▶ [MATERIAL PROVIDED]
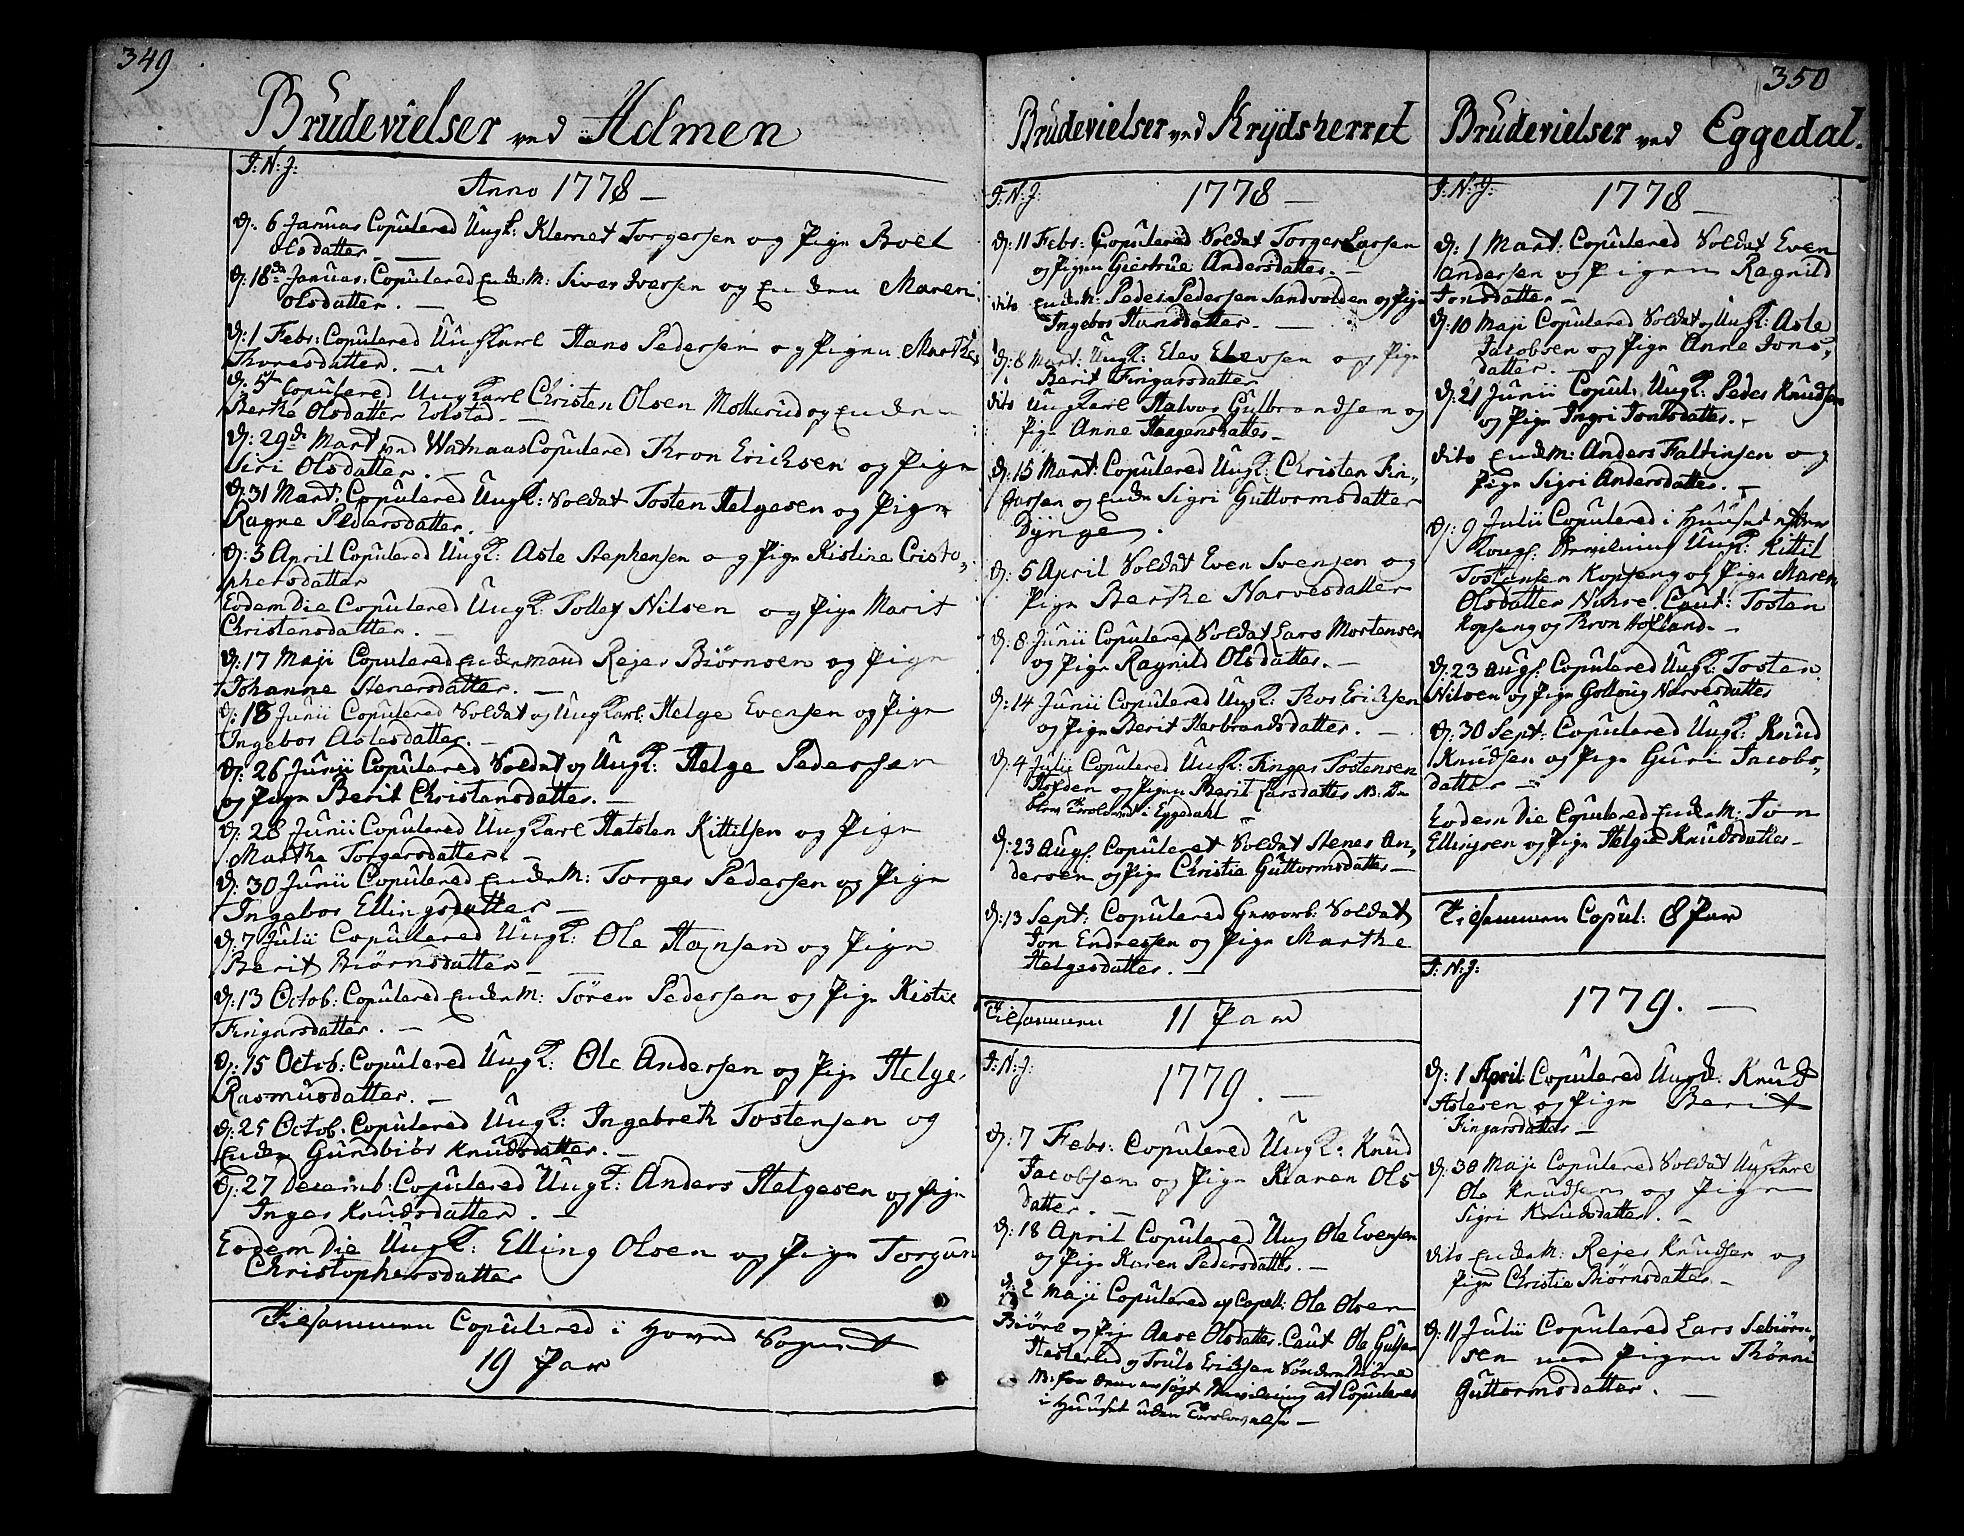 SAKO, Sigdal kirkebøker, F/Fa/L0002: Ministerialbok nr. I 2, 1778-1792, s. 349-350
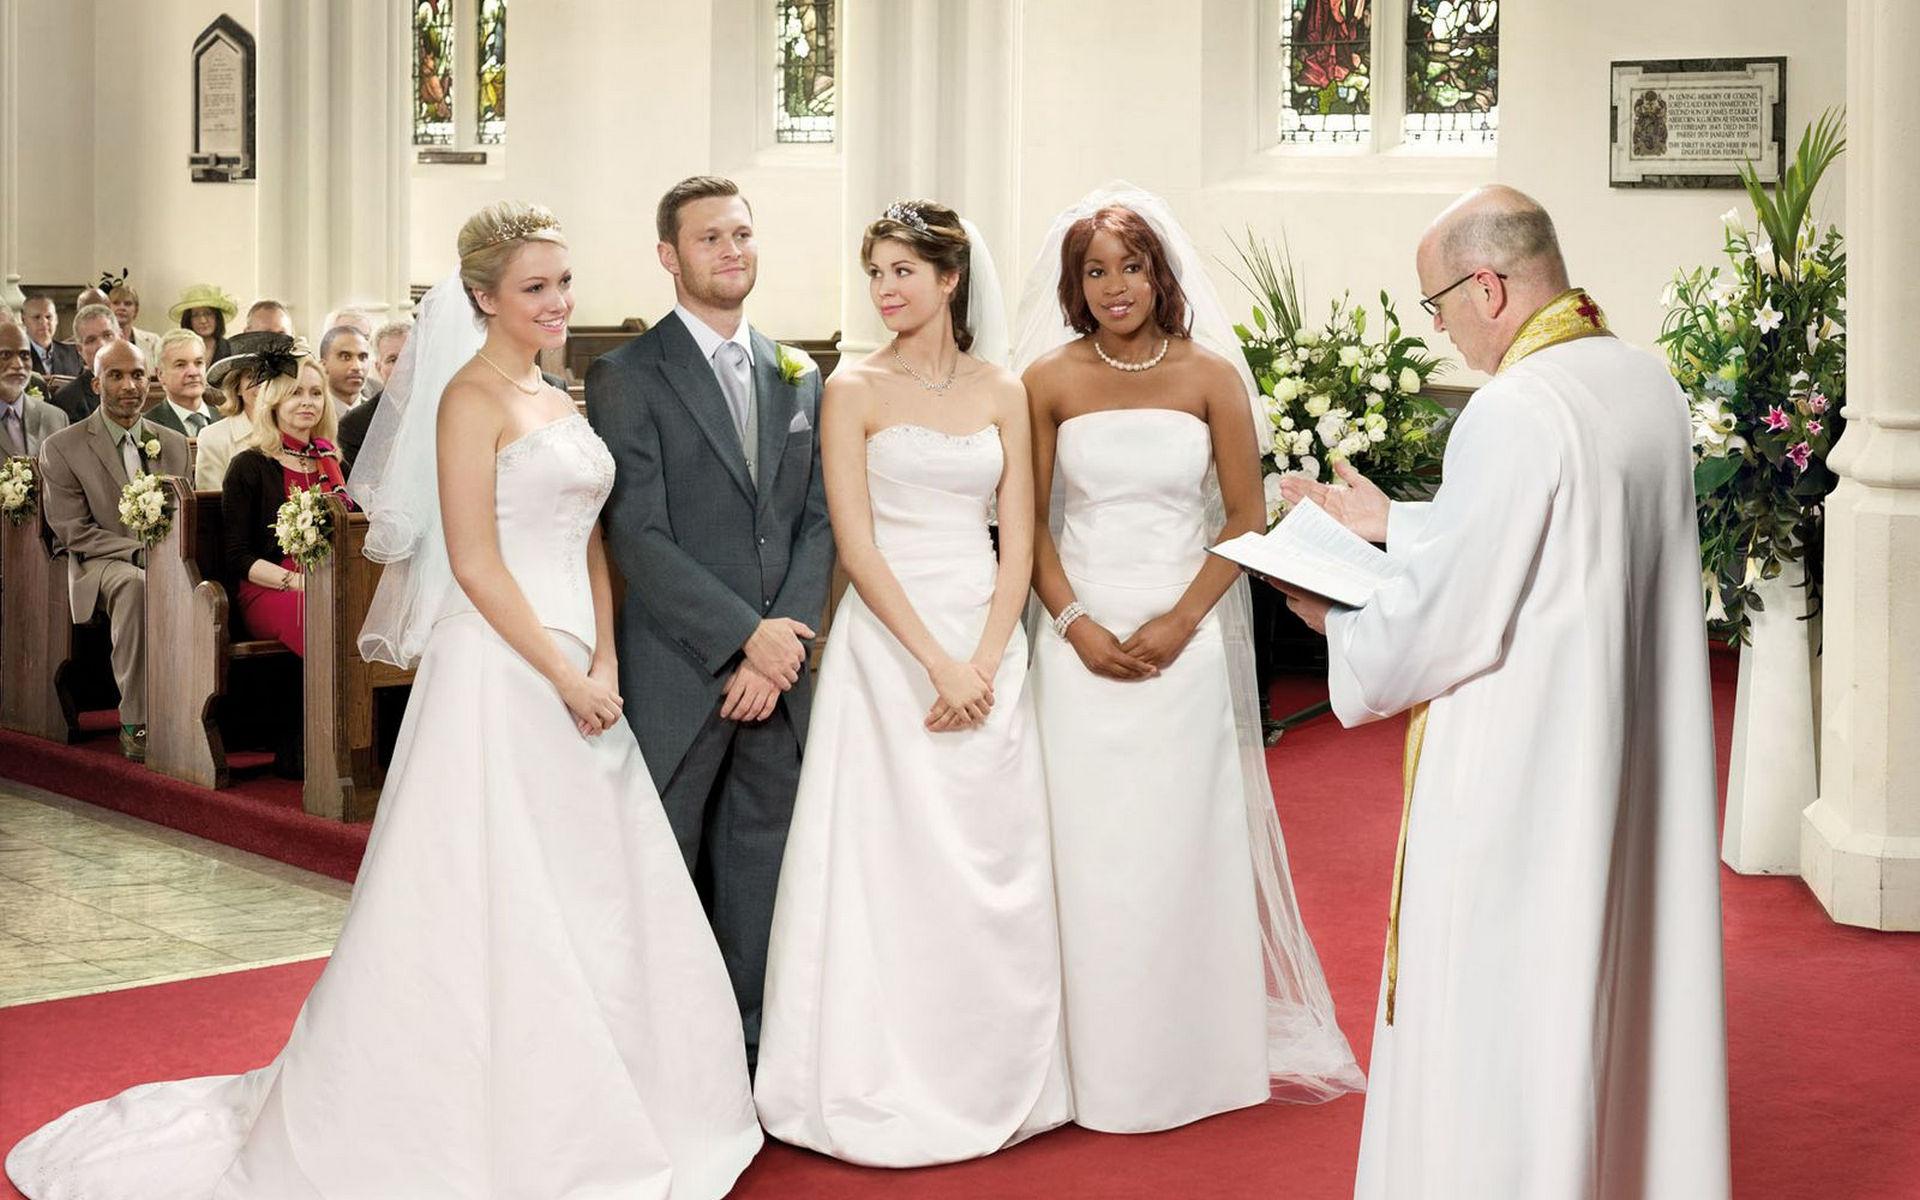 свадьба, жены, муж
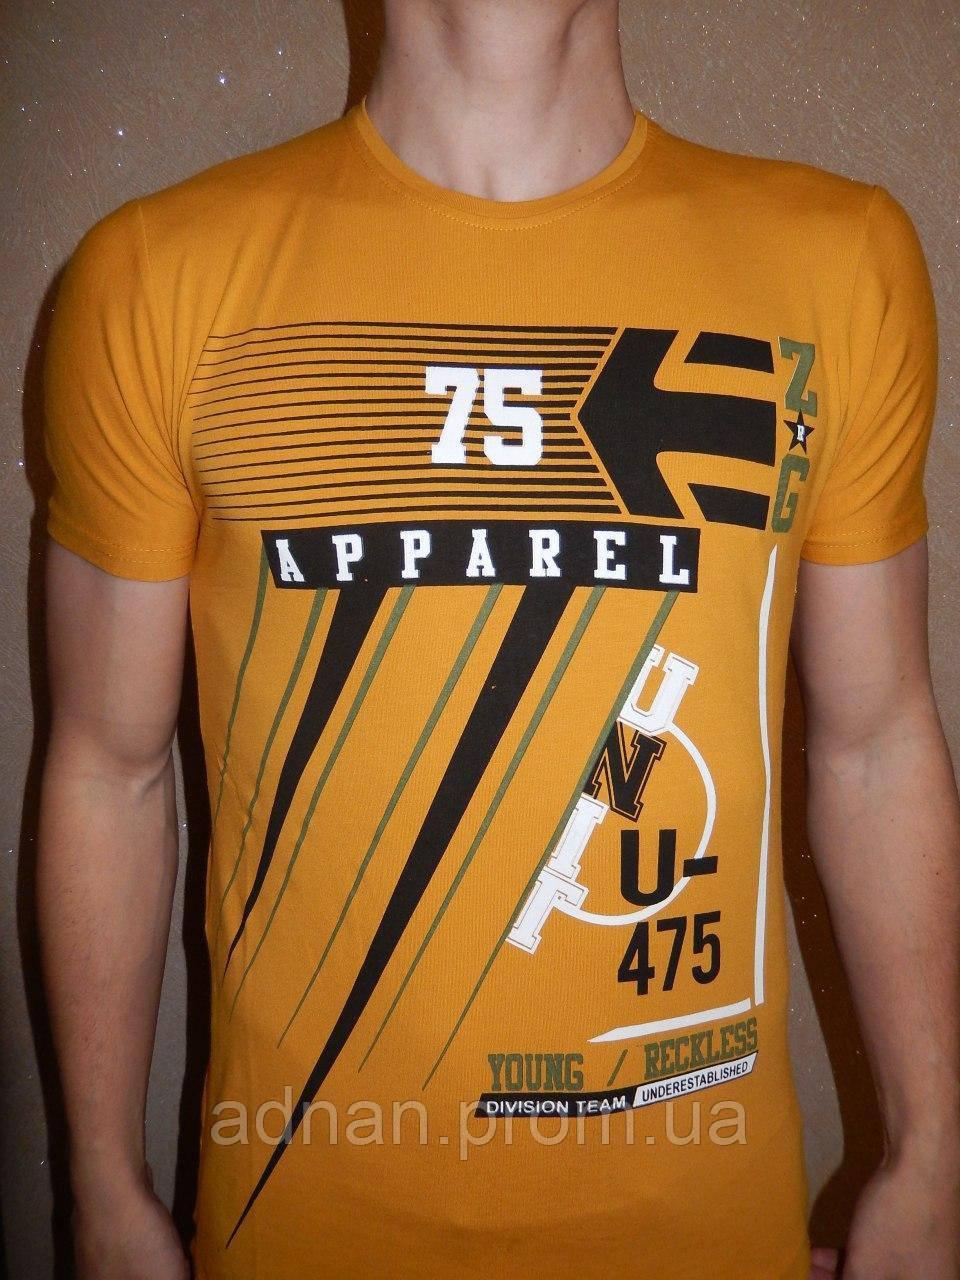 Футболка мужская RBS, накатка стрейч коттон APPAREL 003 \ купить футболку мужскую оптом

▶ [WHAT THE EXERCISE ASKS]
Since the listing holds pictures, return everything else in it exactly and omit those.

▶ [TASK SOLUTION]
 SAKO, Sigdal kirkebøker, F/Fa/L0002: Ministerialbok nr. I 2, 1778-1792, s. 349-350
 свадьба, жены, муж
 Футболка мужская RBS, накатка стрейч коттон APPAREL 003 \ купить футболку мужскую оптом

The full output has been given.